How many ways can an IRS auditor select 3 of 11 tax returns for an audit?

There are 8 members on a board of directors. If they must form a subcommittee of 3 members, how many different subcommittees are possible?

License plates are made using 3 letters followed by 3 digits. How many plates can be made if repetition of letters and digits is allowed.

At the first tri-city meeting, there are 8 people from town A, 7 people from town B, and 5 people from town C. If a council consisting of 5 people is randoml selected, find the probabilit that 3 are from town A and 2 are from town B.

Please submit one question per post.

The first answer is 11*10*9/(1*2*3)= 165,
since the order they are picked does not matter.

To answer these questions, we can use the concept of combinations, permutations, and probability. Let's break down each question and explain how to solve them.

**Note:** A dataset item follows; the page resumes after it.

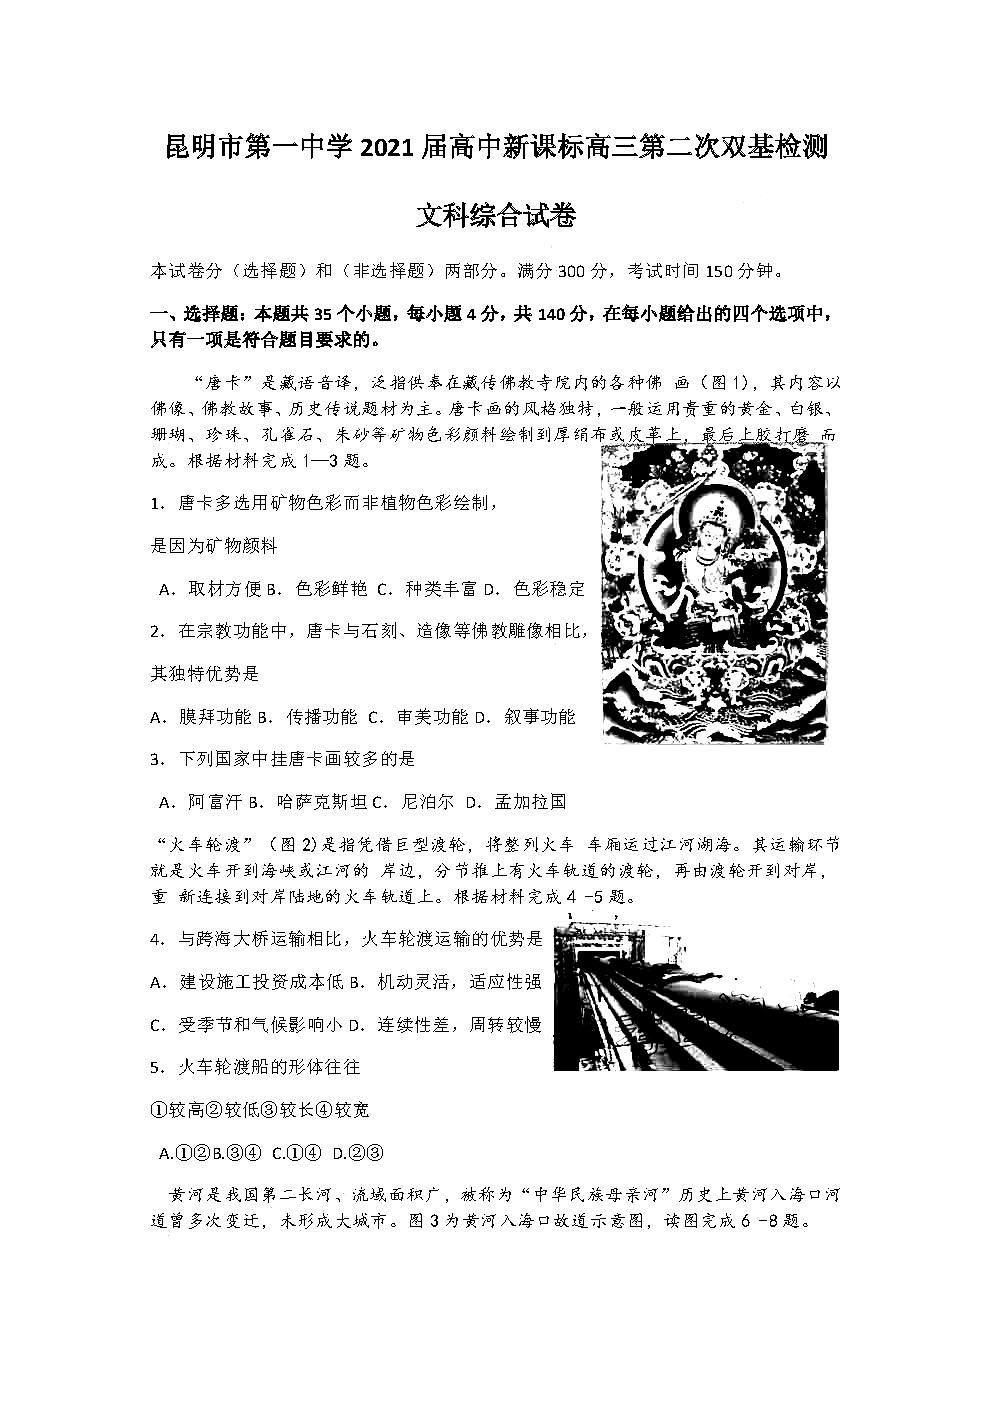 2021云南昆明一中高三月考(二)政治试卷答案解析图1

1. How many ways can an IRS auditor select 3 of 11 tax returns for an audit?
To calculate this, we can use the formula for combinations. The formula is:
C(n, r) = n! / (r!(n-r)!)
Here, n is the total number of items (11 tax returns) and r is the number of items being selected (3 tax returns).

So, applying the formula:
C(11, 3) = 11! / (3!(11-3)!) = 11! / (3!8!) = (11 * 10 * 9) / (3 * 2 * 1) = 165

Therefore, there are 165 different ways the auditor can select 3 tax returns for an audit.

2. There are 8 members on a board of directors. If they must form a subcommittee of 3 members, how many different subcommittees are possible?
In this case, we need to find the number of combinations again.

Using the formula:
C(8, 3) = 8! / (3!(8-3)!) = 8! / (3!5!) = (8 * 7 * 6) / (3 * 2 * 1) = 56

Hence, there are 56 different subcommittees possible.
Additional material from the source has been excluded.